Negotiating My Rainbow: A Self-Study Exploring the Relationship between Beliefs about Identity and Classroom Practice

Colborne, Amanda 08 November 2018 (has links)
Teachers bring parts of themselves, among them, gender, age, and race into the classroom. In addition to the routine stress of teaching, lesbian, gay, bisexual and transgender (LGBT) people have the added stress of managing the expression of their sexual orientation in the classroom. This study explores the ways in which my own identity as a lesbian influenced my beliefs about teaching, my “pre-active” curricular-instructional decision-making, and my “interactive” curricular-instructional decision-making (Jackson, 1966). A self-study methodology is used to explore these relationships.

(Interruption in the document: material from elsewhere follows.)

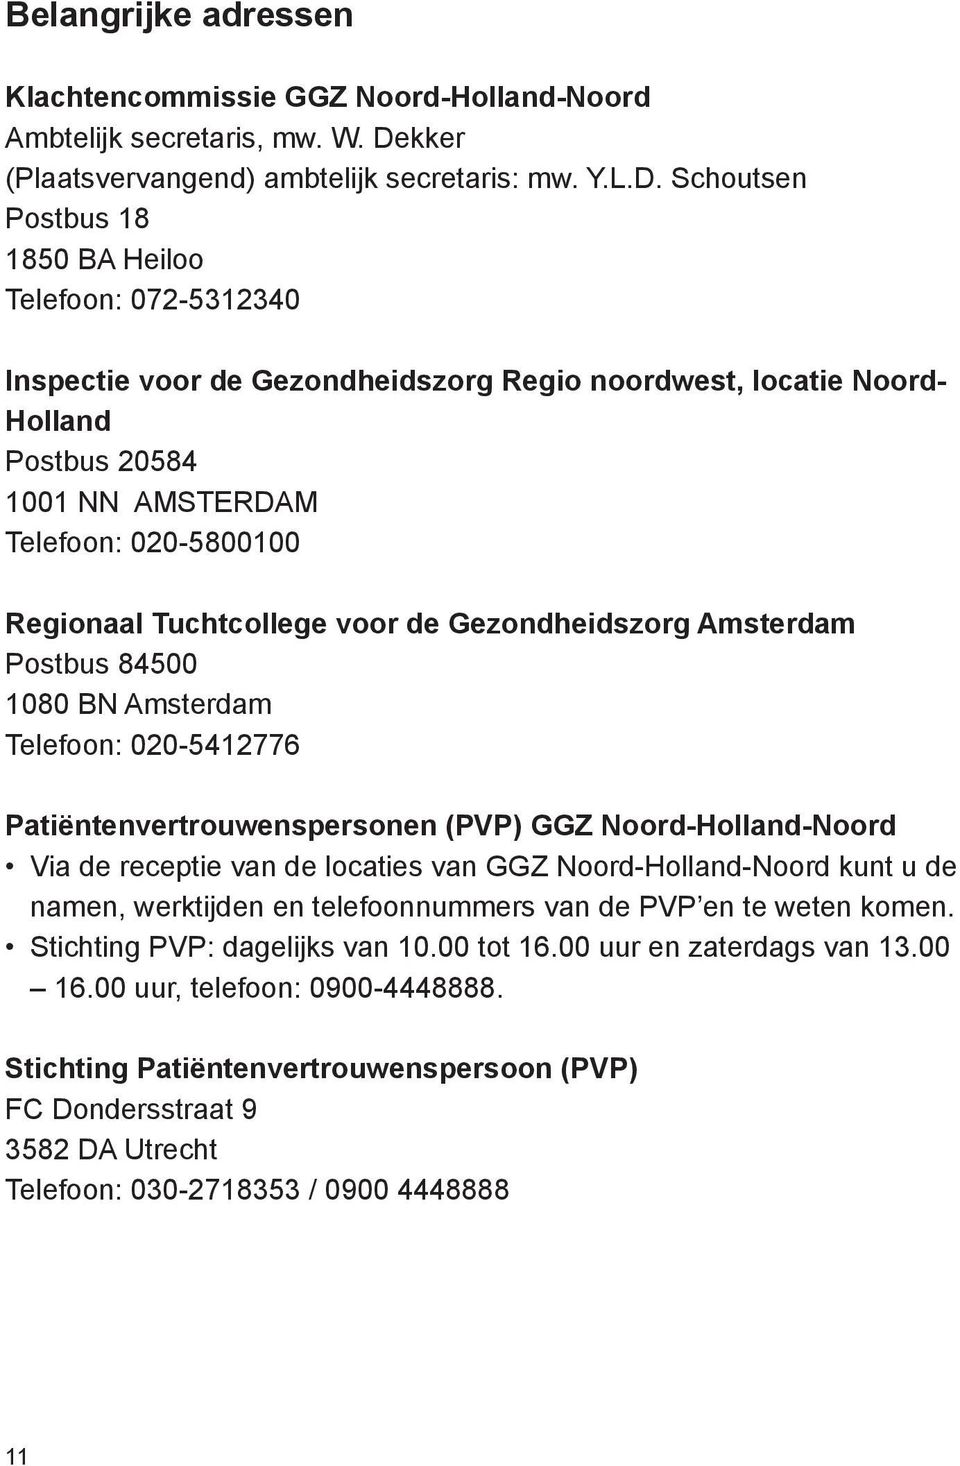 Schoutsen Postbus 18 1850 BA Heiloo Telefoon: 072-5312340 Inspectie voor de Gezondheidszorg Regio noordwest, locatie Noord- Holland Postbus 20584 1001 NN AMSTERDAM Telefoon: 020-5800100 Regionaal

Data sources include journaling, lesson plan artifacts, student work samples, photographs of my classroom, an observation and critical conversation from a critical friend. An autobiographical sketch and statement of beliefs about teaching and learning also informs the study. Janna Jackson’s (2007) stages of coming out, along with Elliot Eisner’s (1985) explicit, implicit, and null curriculum provide the analytical frame. The results show that as I went through Janna Jackson’s (2007) phases of coming out, my beliefs about teaching and learning through the tools, resources, and classroom environment change to reflect that stage. For instance, once I was out in my classroom, there was more LGBT décor in my class. The findings also indicate my lesbian identity affects the explicit and null more than the implicit curricular-instructional decision-making during the “pre-active” stage of teaching. My lesbian identity affected the implicit and null curriculum more than the explicit curricular-instructional decision-making during the “interactive” stage of teaching. Overall, these findings suggest my lesbian identity and teacher identity are deeply entangled.